Consider laundry—there are still parts of the world where we could witness the weekly washing of clothes by a riverbank—those people gather and mingle and chat as they do their laundry ‘community-style’—and for centuries, all mankind did their laundry in this way. When washing machines came along, people hung up their wash on clotheslines—often socializing with their neighbors over the back fence—a smaller social group, but still partially a community activity. Then came electric dryers—and homemakers found themselves, at least as far as laundry was concerned, acting in solitude, shut up each in their own homes.

Why are rituals important? Look at it this way—we can strive for success, for achievement, for goals of many types—we can chase after lovers, mates, and romance—we can eat, sleep, and work—but all of it is empty without a context, a continuum, that is the cycle of our daily lives.

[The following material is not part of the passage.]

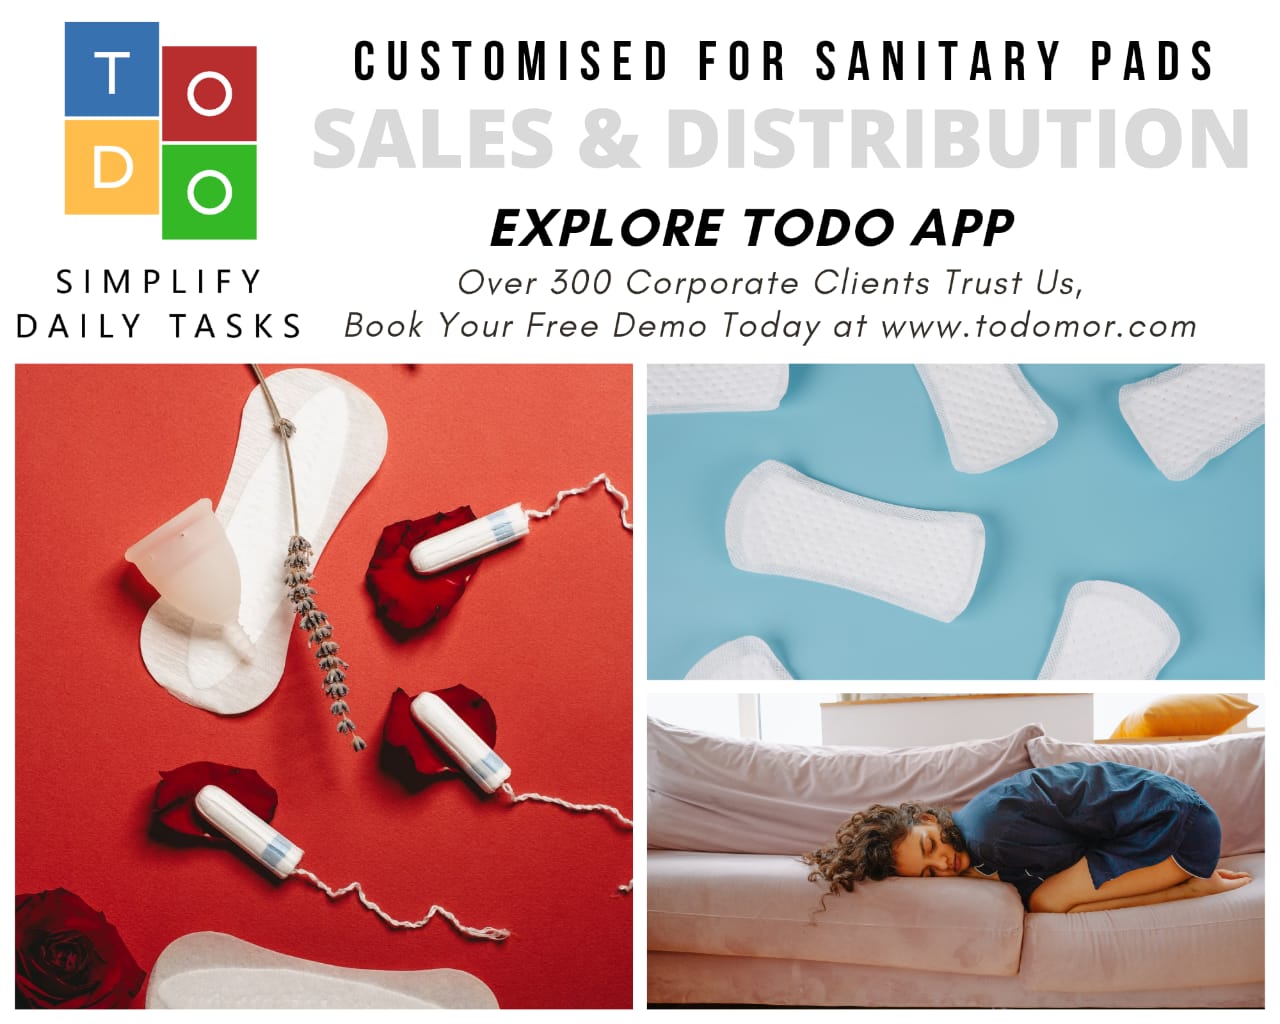 Your commercial sanitary pad: What's in them?

Humans are a social species—we need the comforting presence of others, we need interaction with our peers. But we are raising children in an environment of solitude—where are they supposed to find meaning and fulfillment in their lives? How can they build a comforting pattern of social rhythms to give their lives continuity?

And make no mistake—we have need of these things. Take the Sabbath day as an example—with the decline of religion, one might ask why bother with a day of interruption? But we need rest as much as we need sleep—however we came up with the idea of a ‘day of rest and prayer’, it fits our biological rhythms—even without feeling obligated to pray to God once a week, we still benefit from the rhythm of taking every seventh day off. Or take another example—the taboos on certain foods, like pork or shellfish, were once considered religious observances—but they were useful in that such foods are health risks if not carefully cooked. Further, in modern America, where a person can eat anything—and as much of it as they please—we find that eating without limits presents greater health risks than any one type of food could ever pose.

Boundaries, rituals, democracy, all the inconveniences of being part of a group, rather than a free, solitary agent—these things have a value to our mental and physical health, to our sense of having a rich, fulfilling life. We may be able to get along without our imaginary friend, God, but we are finding out that life can be even more empty and angst-ridden if we try to live without each other, without community and society. There may come a day when we no longer have prisons—we may come to recognize that everyone is already in a prison, that criminals can be punished and isolated from society by the simple expedient of taking away their online connection.

This may seem rambling and generalizing, but I’m trying to make the point that the rhythms and patterns of community provide a substrate for the discrete pursuits of life—earning a living, raising a family, the arts, the sciences, politics, etc. We focus on these ‘goals’ of life and overlook the fact that life has a context within which all this goal-seeking behavior occurs—that there are moments between these activities—that our consciousness goes in and out of these discrete pursuits, but our awareness is confronted by an unbroken continuum of existence—and that overall ‘existence’, without substance, becomes a void that we fall into whenever we are not consciously busy with a particular aspect of our interest. No matter what our individual interests may be, we still need our overall lives to have texture and substance. Without experience outside of our online connections, life becomes disjointed, disconnected, and begins to lose value or meaning.

The human animal can adapt to many changes—but not to emptiness. It has been noted that a person left in a sensory-deprivation chamber will quickly be driven mad by a nervous system bereft of input. We are in danger of finding our global village trapped in an electronic isolation that will drive the whole world mad—we may find that civilization will ultimately be destroyed, not by fire or ice, but by our lust for convenience.